How does the work grow when input size increases?
Scenario Under Consideration
Analyze the time complexity of the following code snippet.
#include <string.h>
#include <stdbool.h>
#include <stdio.h>
bool areAnagrams(char *str1, char *str2) {
int count[256] = {0};
int i;
for (i = 0; str1[i] && str2[i]; i++) {
count[(unsigned char)str1[i]]++;
count[(unsigned char)str2[i]]--;
}
if (str1[i] || str2[i]) return false;
for (i = 0; i < 256; i++) {
if (count[i] != 0) return false;
}
return true;
}
This code checks if two strings are anagrams by counting character frequencies.
Identify Repeating Operations
Identify the loops, recursion, array traversals that repeat.
- Primary operation: Two loops: one to count characters in both strings, one to check counts.
- How many times: First loop runs once per character until string ends (n times), second loop runs 256 times (constant).
How Execution Grows With Input
The first loop grows with the length of the strings, doing work for each character. The second loop always does the same amount of work (256 checks), no matter the input size.
| Input Size (n) | Approx. Operations |
|---|---|
| 10 | ~10 + 256 = 266 |
| 100 | ~100 + 256 = 356 |
| 1000 | ~1000 + 256 = 1256 |
Pattern observation: The work grows mostly in a straight line with input size because the first loop depends on string length, while the second loop is constant.
Final Time Complexity
Time Complexity: O(n)
This means the time to check anagrams grows linearly with the length of the strings.
Common Mistake
[X] Wrong: "The second loop over 256 characters makes the algorithm O(n * 256) which is quadratic."

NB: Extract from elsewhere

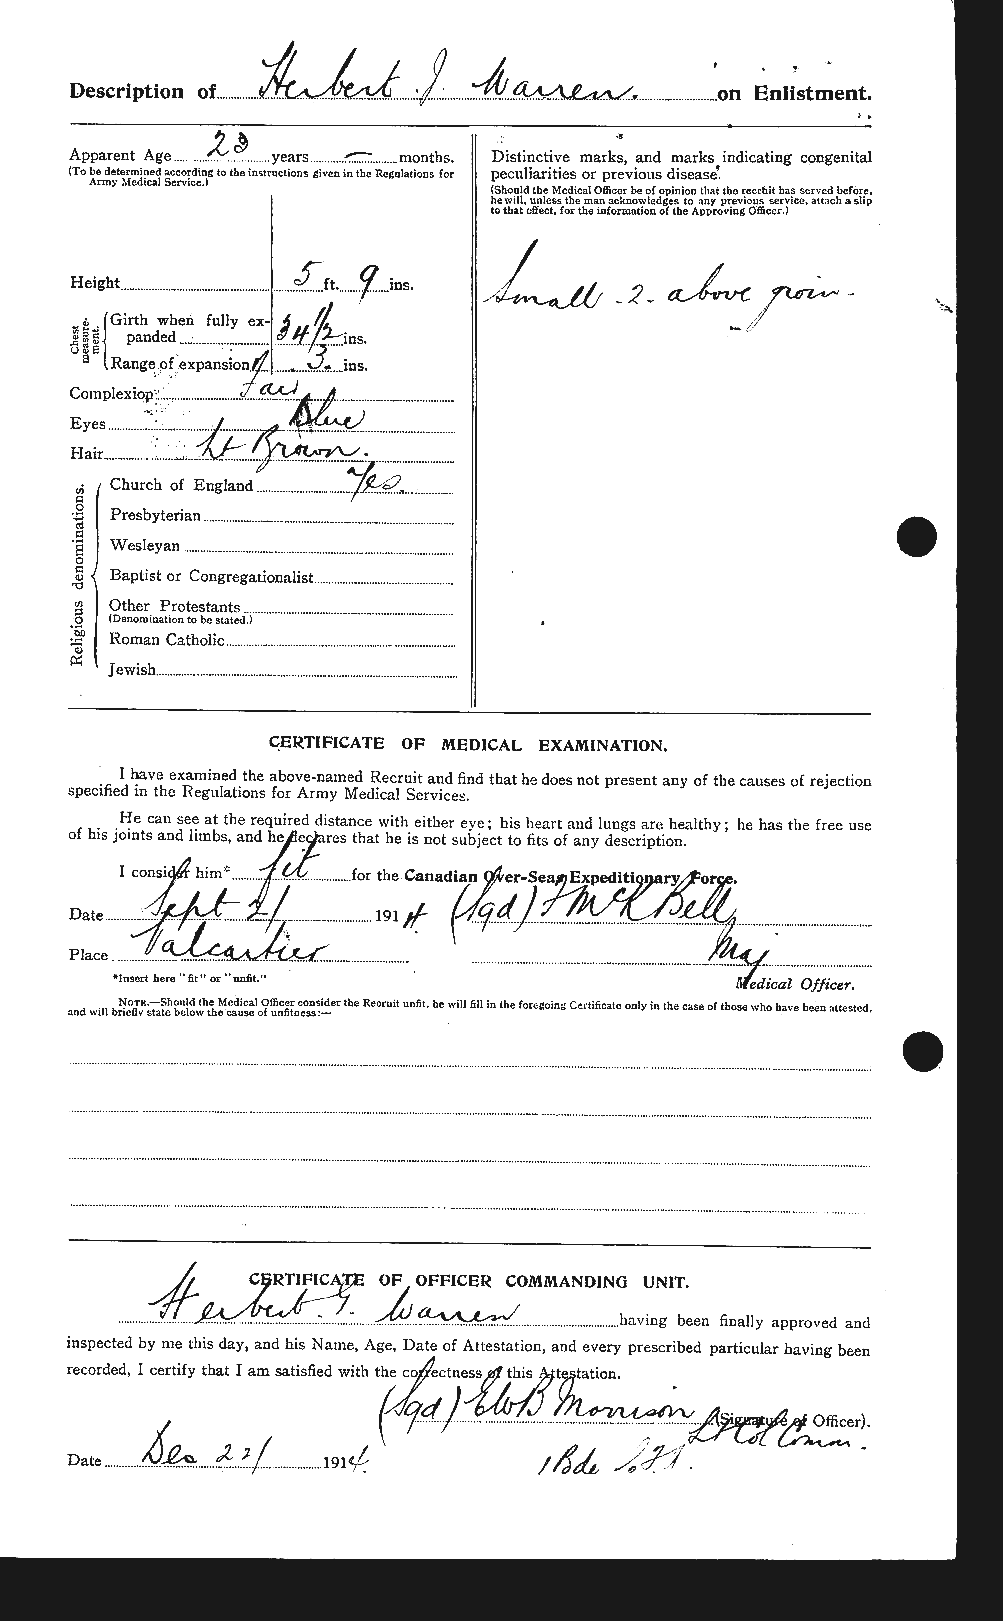 Personnel Records of the First World War - CEF 658501b

[OK] Correct: The second loop runs a fixed 256 times regardless of input size, so it is constant time and does not multiply with n.
Interview Connect
Understanding how counting characters leads to linear time helps you explain efficient solutions clearly and confidently in interviews.
Self-Check
"What if we sorted both strings first and then compared them? How would the time complexity change?"